*** Opening Dataset excerpts ***
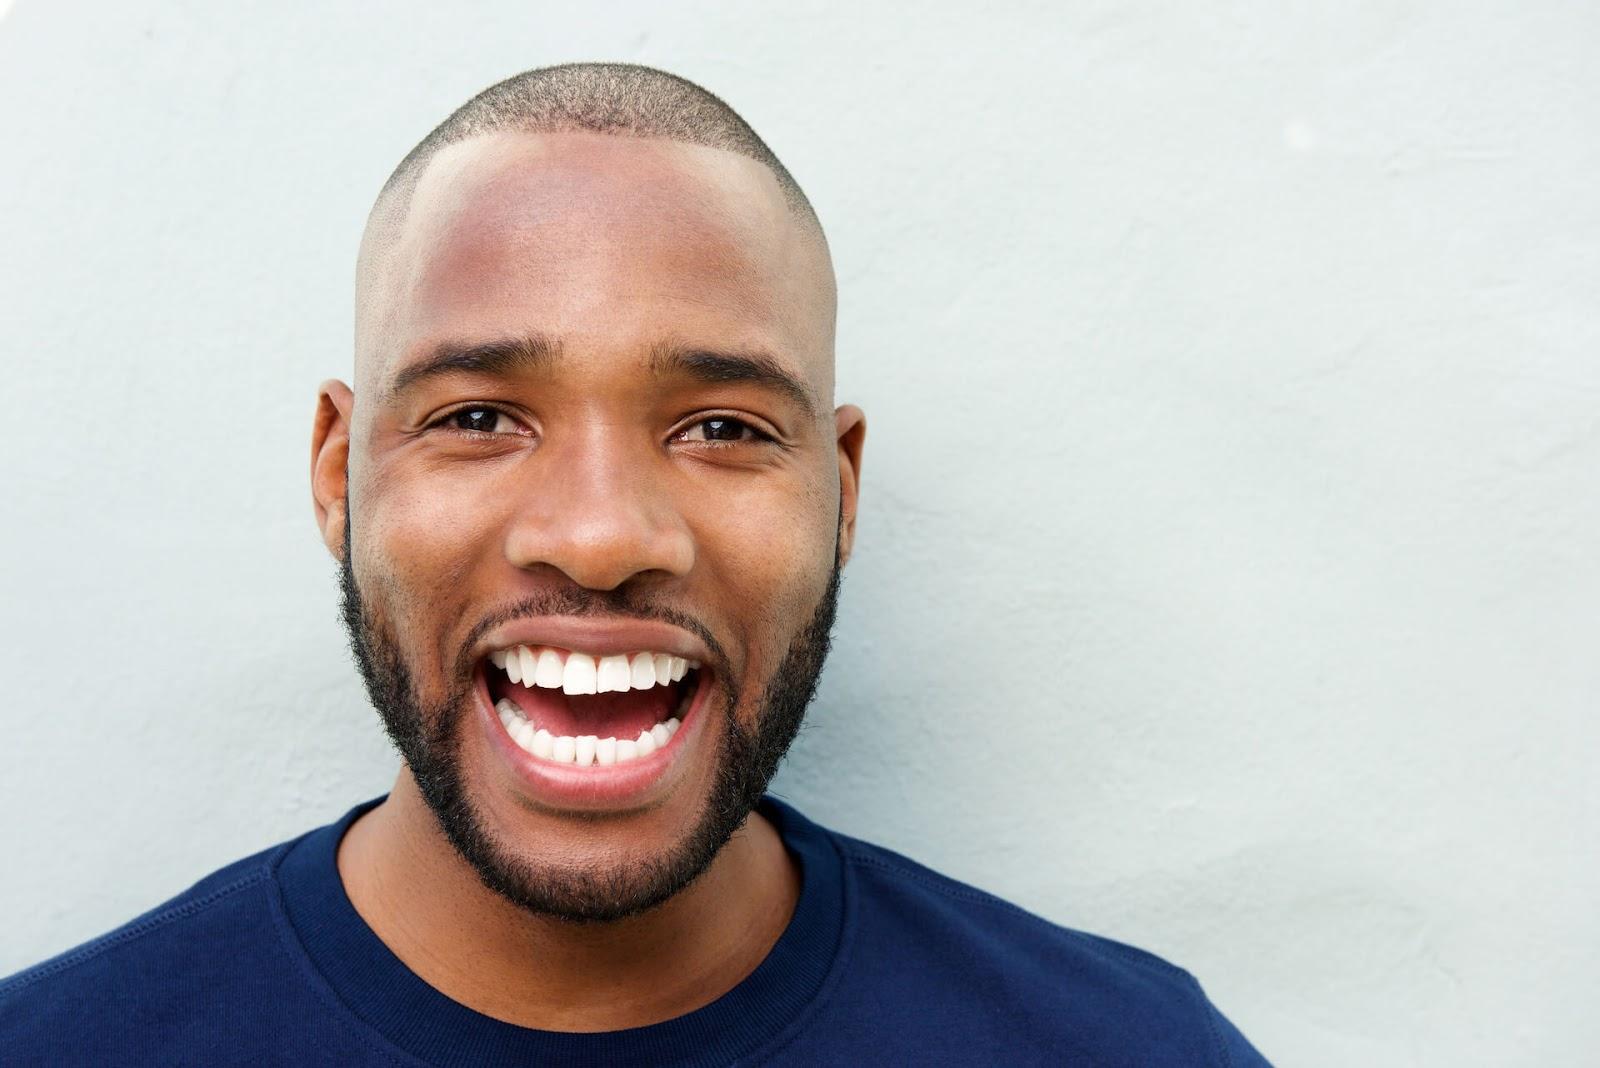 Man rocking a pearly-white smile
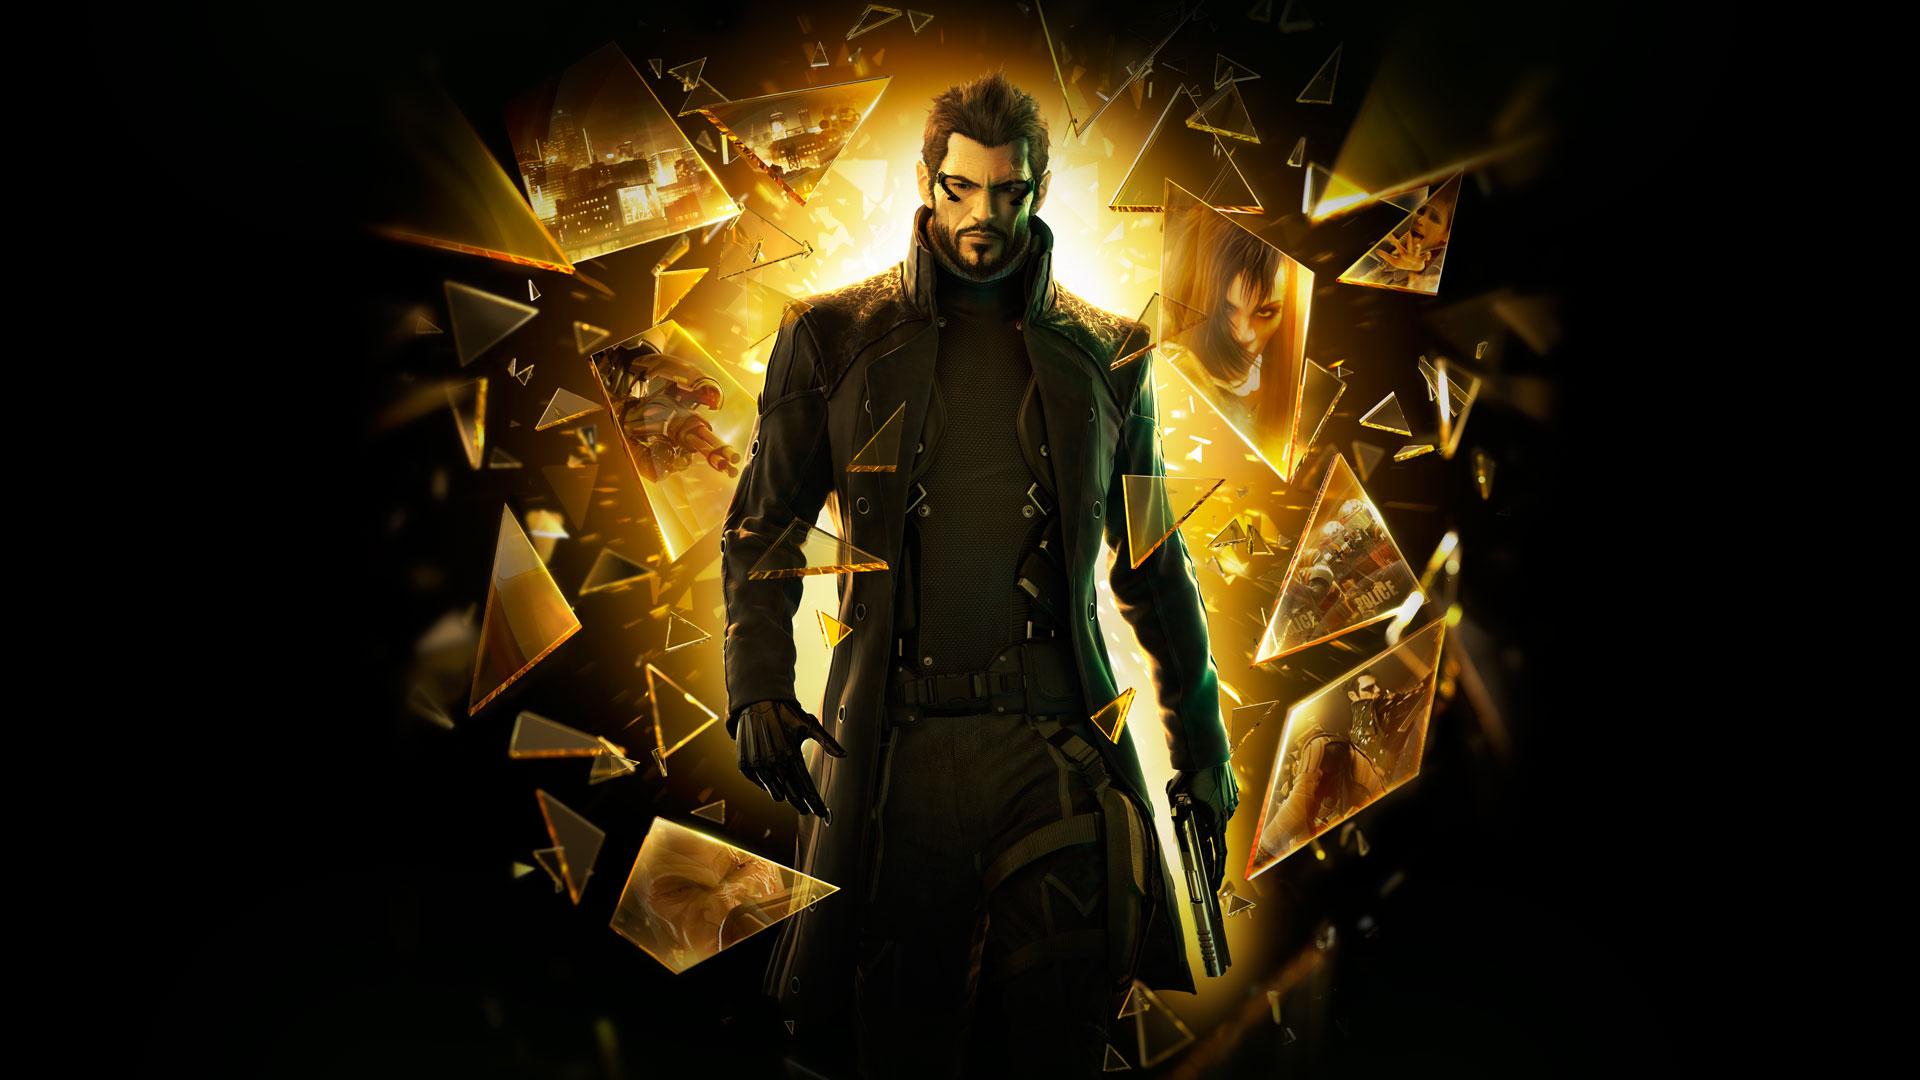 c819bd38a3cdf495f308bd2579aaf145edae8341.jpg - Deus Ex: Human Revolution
*** Closing Dataset excerpts ***
*** Opening Dataset excerpts ***
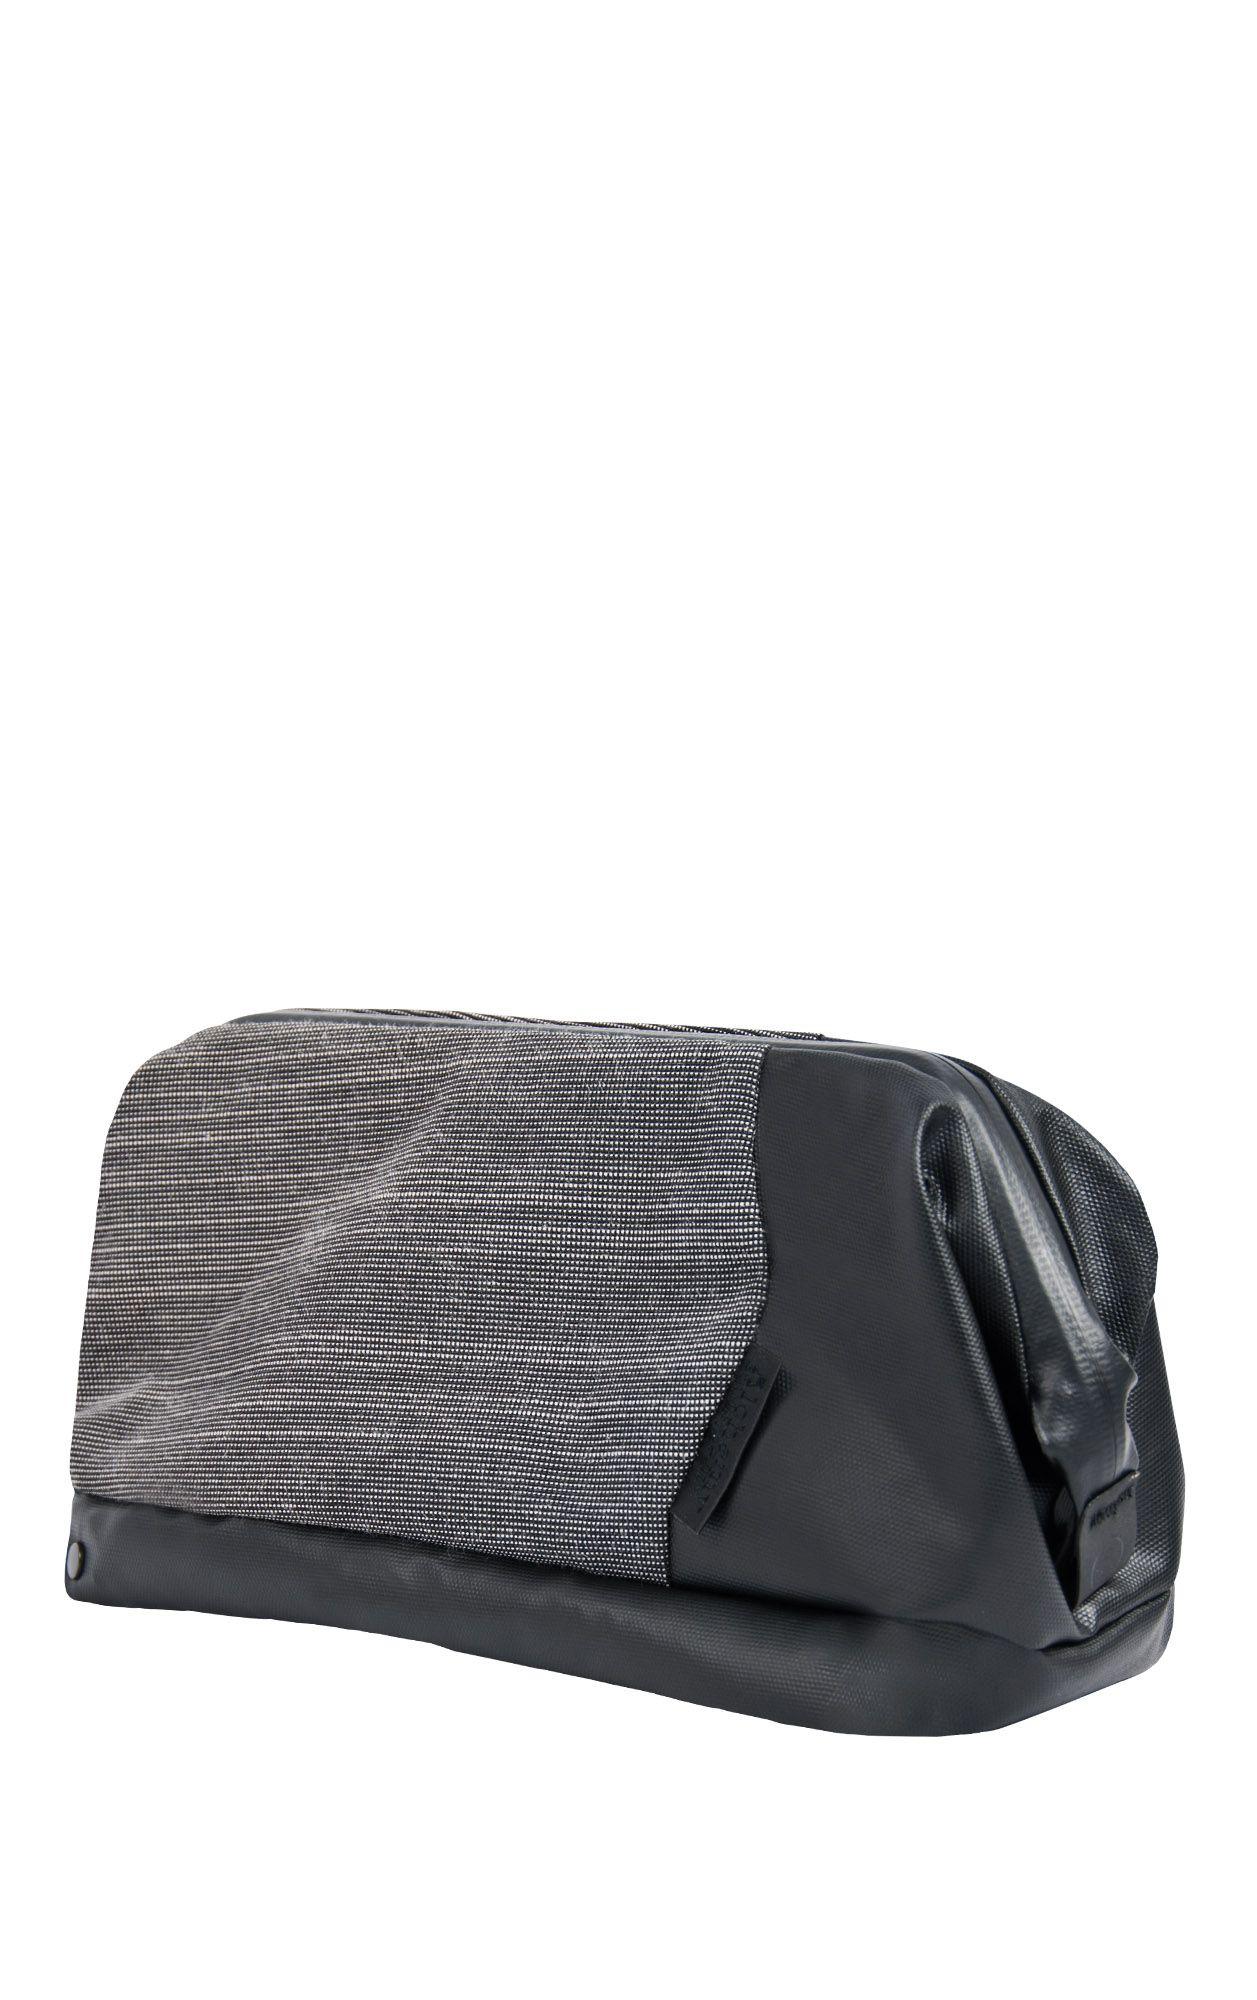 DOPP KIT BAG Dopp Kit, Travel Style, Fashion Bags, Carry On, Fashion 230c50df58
*** Closing Dataset excerpts ***
Requirement – Retype, exactly and with no pictures, everything above from the line with "Man rocking a pearly-white smile" down to the line with "c819bd38a3cdf495f308bd2579aaf145edae8341.jpg - Deus", both included.

Answer section –
 Man rocking a pearly-white smile
 c819bd38a3cdf495f308bd2579aaf145edae8341.jpg - Deus Ex: Human Revolution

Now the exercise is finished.